You wouldn't think this guy would be a wizard of vast supernatural power. Maybe he's not. Does it matter if he believes he is?
     Errol Childress lives in filth, has an incestuous relationship with his mentally handicapped sister, and is warped in every possible way. Whether he actually possesses occult knowledge that connects him to the Yellow King is unimportant. Errol believes he does and is willing to act upon this information.

    Which is, perhaps the scariest possible result.

    Folks who desire to see something specific from the Cthulhu Mythos will be disappointed. Carcosa, depicted as a alien world in The King in Yellow, is treated as much as a state of mind as anything else in True Detective. The Yellow King is never referred to as Hastur or any of his other names. The closest we see to him is an altar dedicated to his evil.

    We have a scene of what is possibly a gateway to Carcosa but it's just as likely to be in Rust Cohle's head. This is the way it should be, in my humble opinion, because the greatest horrors are only alluded to. Great Cthulhu, himself, is more effective as the "horror in clay" versus his skyscraper-tall self at the Call of Cthulhu's climax.

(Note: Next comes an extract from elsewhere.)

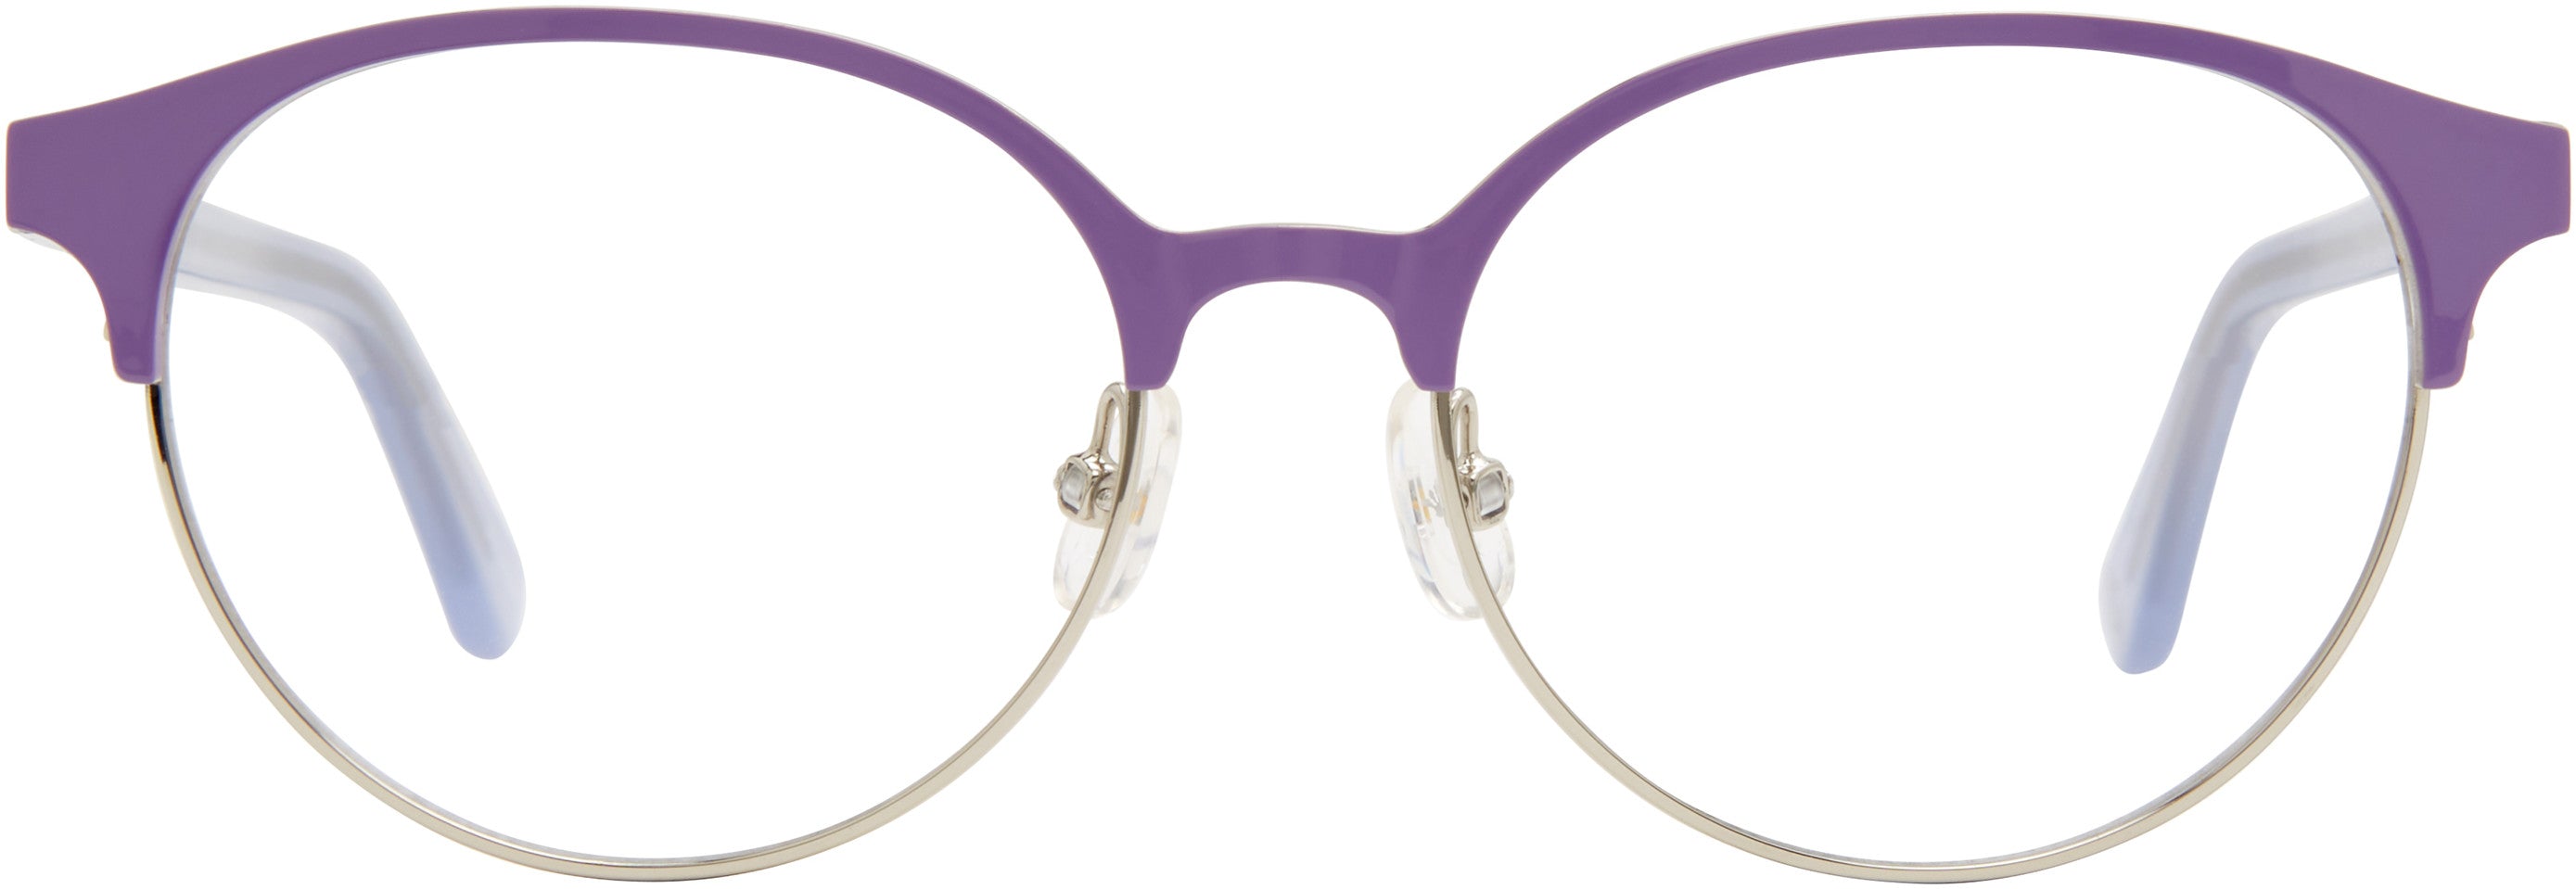 Juicy Couture Juicy 945 Oval Modified Eyeglasses 0789-0789  Lilac (00 Demo Lens)

    Perhaps the most Lovecraftian element of all is also where True Detective subverts itself. A great deal of the horror to the Cthulhu Mythos is the revelation of the universe's meaninglessness. One of the main characters has this philosophy from the beginning and it's actually an attempt to comfort himself. Because if nothing has meaning, nothing is of importance.

    Whereas Hart's "meaning" to reality is something he doesn't take any comfort in because he can't commit to it. The show also makes allusions to religion as stories told to children and lies we tell ourselves. The ending of the show where Rust Cohle finds "meaning" to his life may speak of him adopting a (possibly) false worldview or embracing the true meaninglessness he'd only been fooling himself into believing.

    I'm rather fond of the show's ending for this as well. While Errol Childress is defeated and his "ascension" plan foiled, whether it was real or not, the cult itself remains undefeated. It may only be a five-man-band of which only a single survivor remains but the true scope of its activities remains concealed from the public. Like even "successful" Lovecraftian heroes, the 'True Detectives' strike only a symbolic blow against the evil around them.

    Perhaps that is enough.

    In conclusion, True Detective is an extremely Lovecraftian show and one I'd recommend to any fans of the genre.